Despite making significant progress in solar power generation and emerging as world’s third largest solar market, India’s domestic solar equipment manufacturing industry has not been able to capitalise on the opportunity thus far. India imports 80 percent of components required for its solar energy production from China. This raises an important question: does India have the core competency, capital and capacity required to offer domestic manufacturing of solar power equipment at a scale that could substitute for its massive imports?
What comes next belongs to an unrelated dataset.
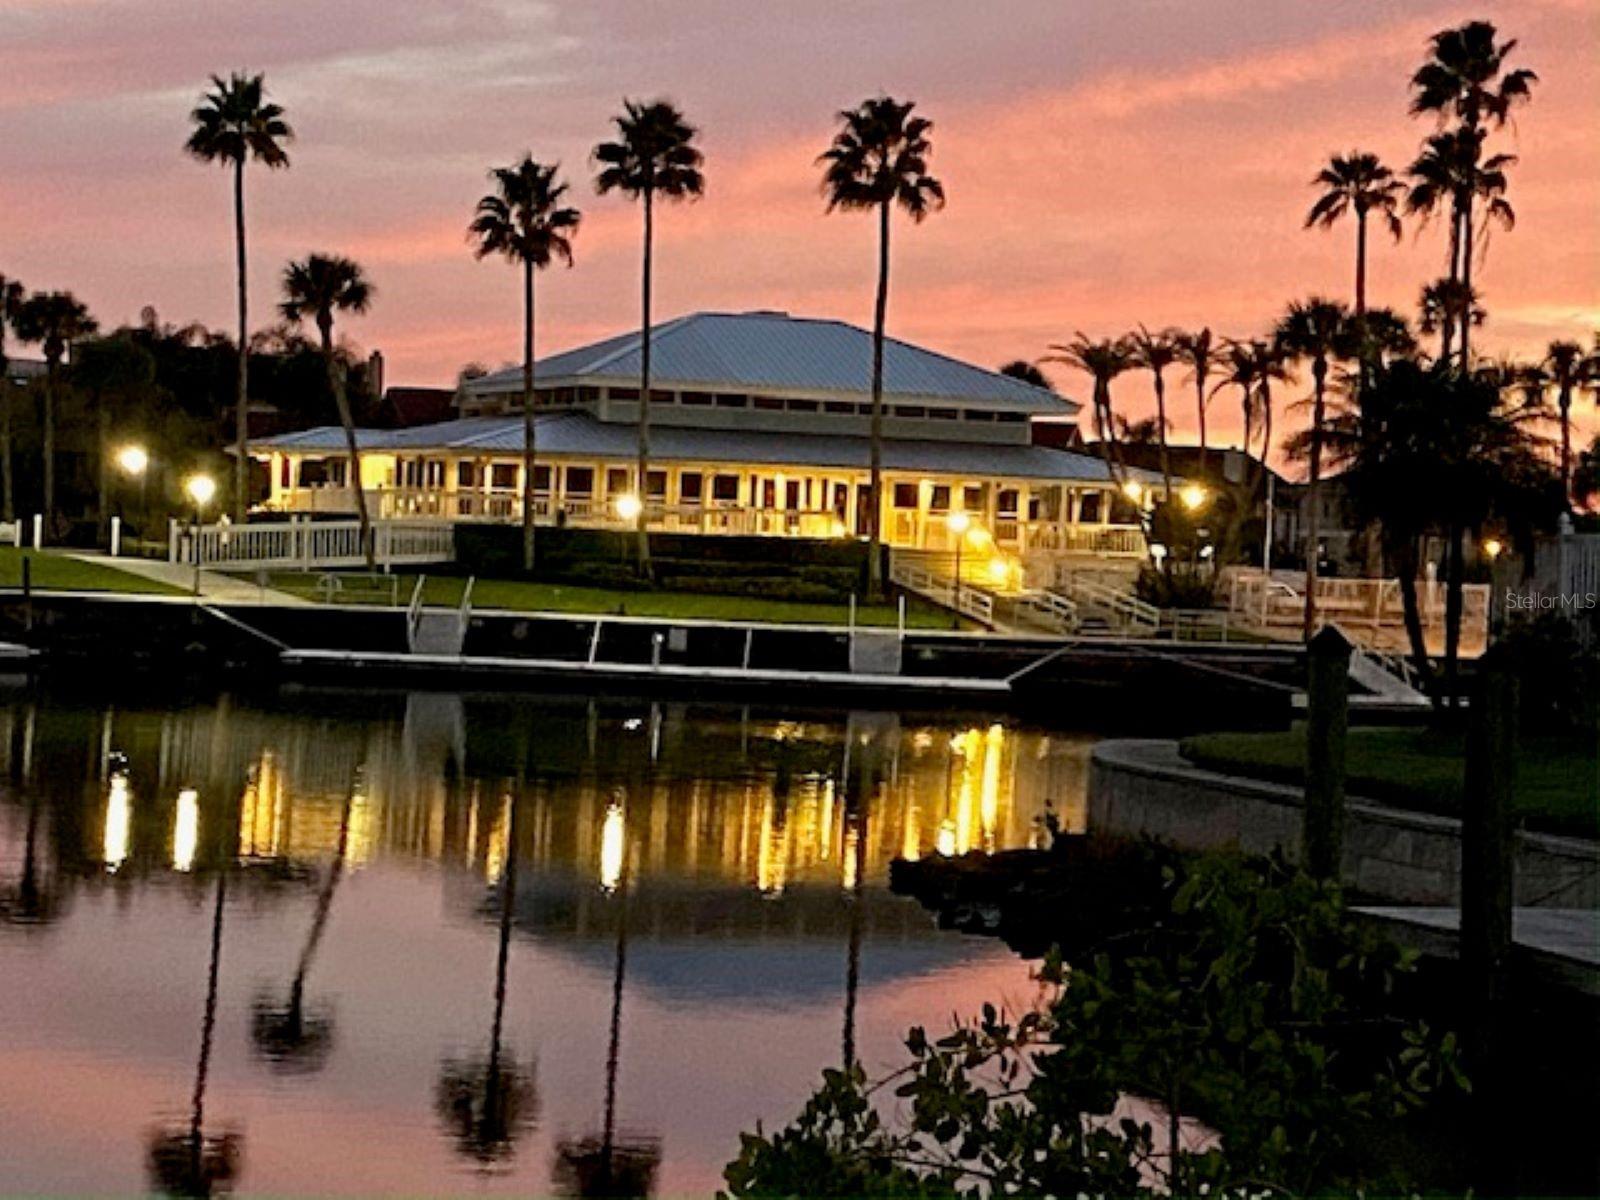 Gulf Harbors clubhouse within walking distance.

There is an urgent need to devise a policy framework that aims at creating a diversified domestic manufacturing industry for solar modules as well as ancillary products, that could significantly reduce its import dependence, ensure a self-sufficient, sustainable, and affordable machinery access, and generate greater employment opportunities. According to a McKinsey Report, many of India’s manufacturing value chains enjoy advantages that could help power them to rapid growth. India’s natural resources (for example, iron ore, bauxite, high solar insolation, and cotton) and low-cost labour are a boon to makers of basic metals, textiles and apparel, renewable energy, and chemical products. Further, the country’s large numbers of well-trained workers lend strength to skill-intensive value chains such as pharmaceutical formulations, capital goods, and automotive components. The makers of fast-selling technology products, for example, enjoy ready access to millions of Indian consumers.

In the 2020-21 budget, our Finance Minister emphasised the need to push our flagship programme ‘Make in India’ by incentivising manufacturing and providing a fillip to exports. Even with the emergence of digital factories and E-commerce platforms, buying trends are shifting online which makes the markets bigger in terms of consumers. Additionally, to tackle this factor, more and more workforce will be trained to build a digital workforce.

COVID-19 has certainly pushed us to the fore. Amidst this, one of the sectors that have been impacted are the local manufacturers. Going forward, India is set to be a future powerhouse in terms of manufacturing and exports. Consequently, the economy is set to grow in the coming years.